Домой я пришла уставшая, недовольная.
А в комнате через стенку уже вовсю гремит музыка — лиловогубая соседка развлекается. Войну она мне, значит, устроила.
Ладно.
Война, так война. Повоюем, раз так хочет. У меня как раз настрой соответствующий — повоевать. Но с наскока, с шашкой на танк я не люблю. А вот попартизанить — самое оно.
Я мужественно выдержала музыку (до двух ночи играла, пока сосед снизу не пришел к ней ругаться). А я вот не пошла. Утром я увидела, как сосед уехал на работу, часов шесть было.
Прекрасно! Просто прекрасно начинается этот день! Для лиловогубой я включила на всю громкость молитвенный хор старцев из Оптинской пустыни. В шесть утра. На планшете случайно обнаружила — Ирка когда-то накачала. Она одно время очень по всему этому заморачивалась, когда её парень бросил.
Планшет медицинским пластырем приклеила к стенке (да, обоев жалко, но они и так страшненькие. Да и духовность соседки значительно дороже). Получалось мне в квартиру не сильно слышно (и дверь я в комнату крепко прикрыла), зато лиловогубая будет наслаждаться. Во всяком случае спать не сможет. И так будет каждое утро. Вот и посмотрим, кто кого.
Я как раз сделала завтрак и разбудила ребят. Пока они собирались — раздался звонок в дверь. Стопроцентно лиловогубая молитвами Оптинских старцев прониклась и пришла приобщаться.
— Но я тоже подготовилась. Прихватила в руки «Сторожевую башню» и остальную макулатурку и дружелюбно пошла открывать.
Так и есть. Лиловогубая. Правда сейчас она была не накрашенная, что, однако, отнюдь не делало её приятнее.
— Ты чего спать мне не даёшь! Заколебала, корова! — заорала на меня соседка.

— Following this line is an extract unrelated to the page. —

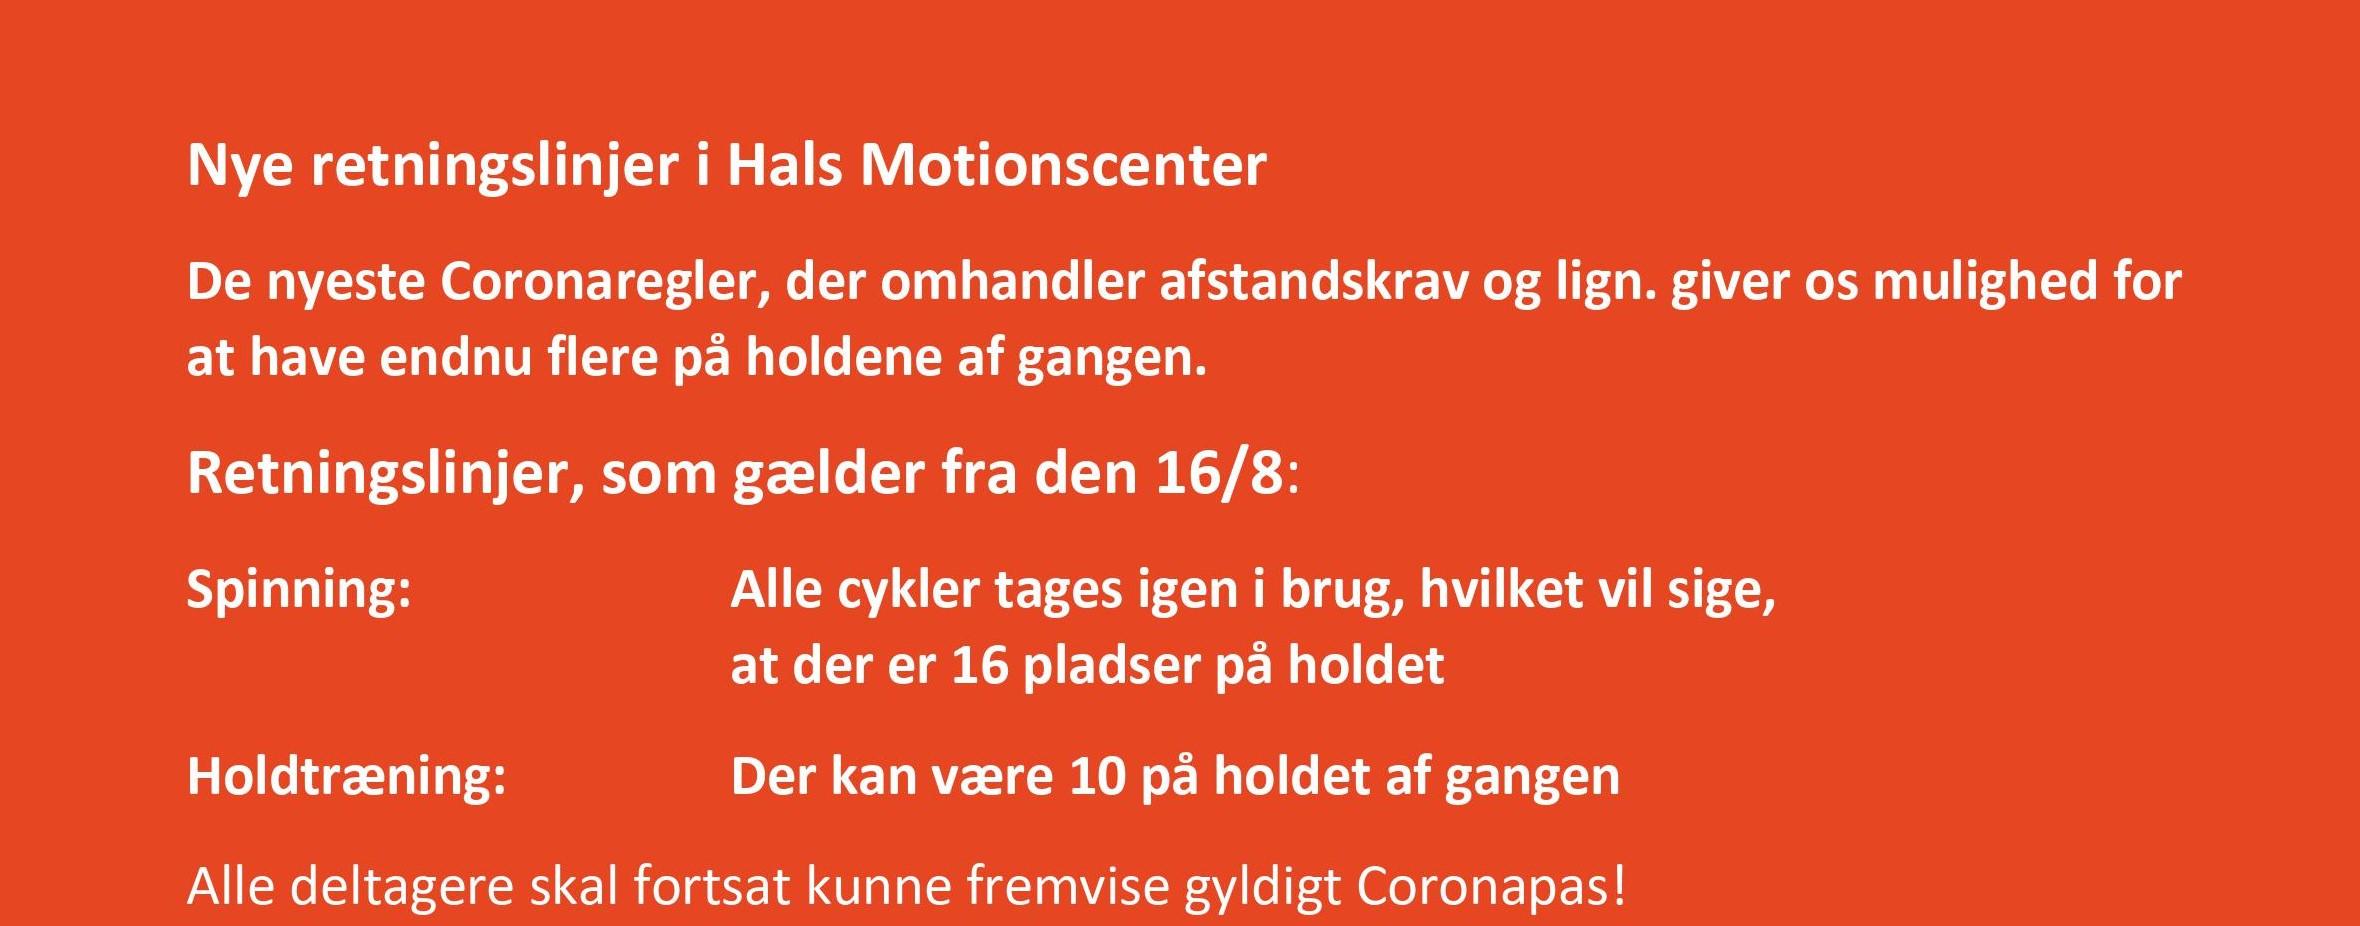 Nye retningslinjer i Hals Motionscenter
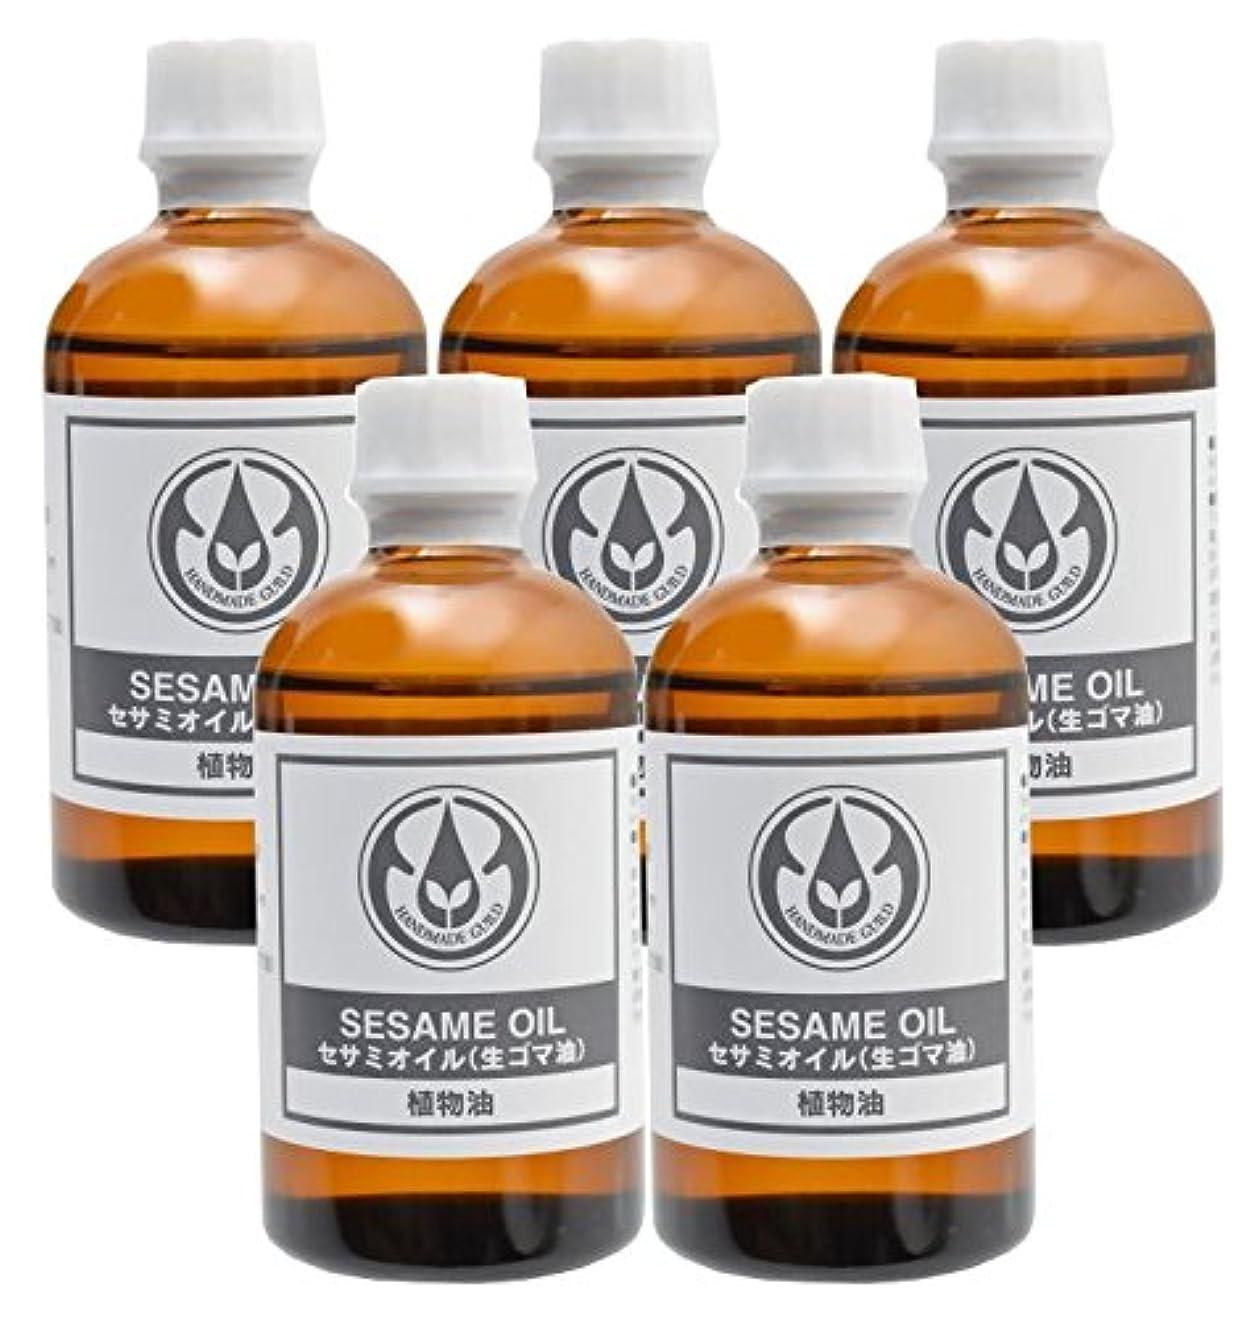 リクルートレーザ贅沢セサミ油(生ゴマ油)100ml◆ (5瓶)

— Время молитвы, — назидательно сказала я торжественным тоном.
— Шесть утра?!
— Да, вот вчера полночи бесовские песнопения звучали. Грех-то какой. Нужно сегодня очистить душу святыми молитвами, — лучезарным голосом сказала я и с тихой улыбкой протянула ей брошюрки, — держи, сестра, приобщись. Скверну из души нужно выжигать молитвой.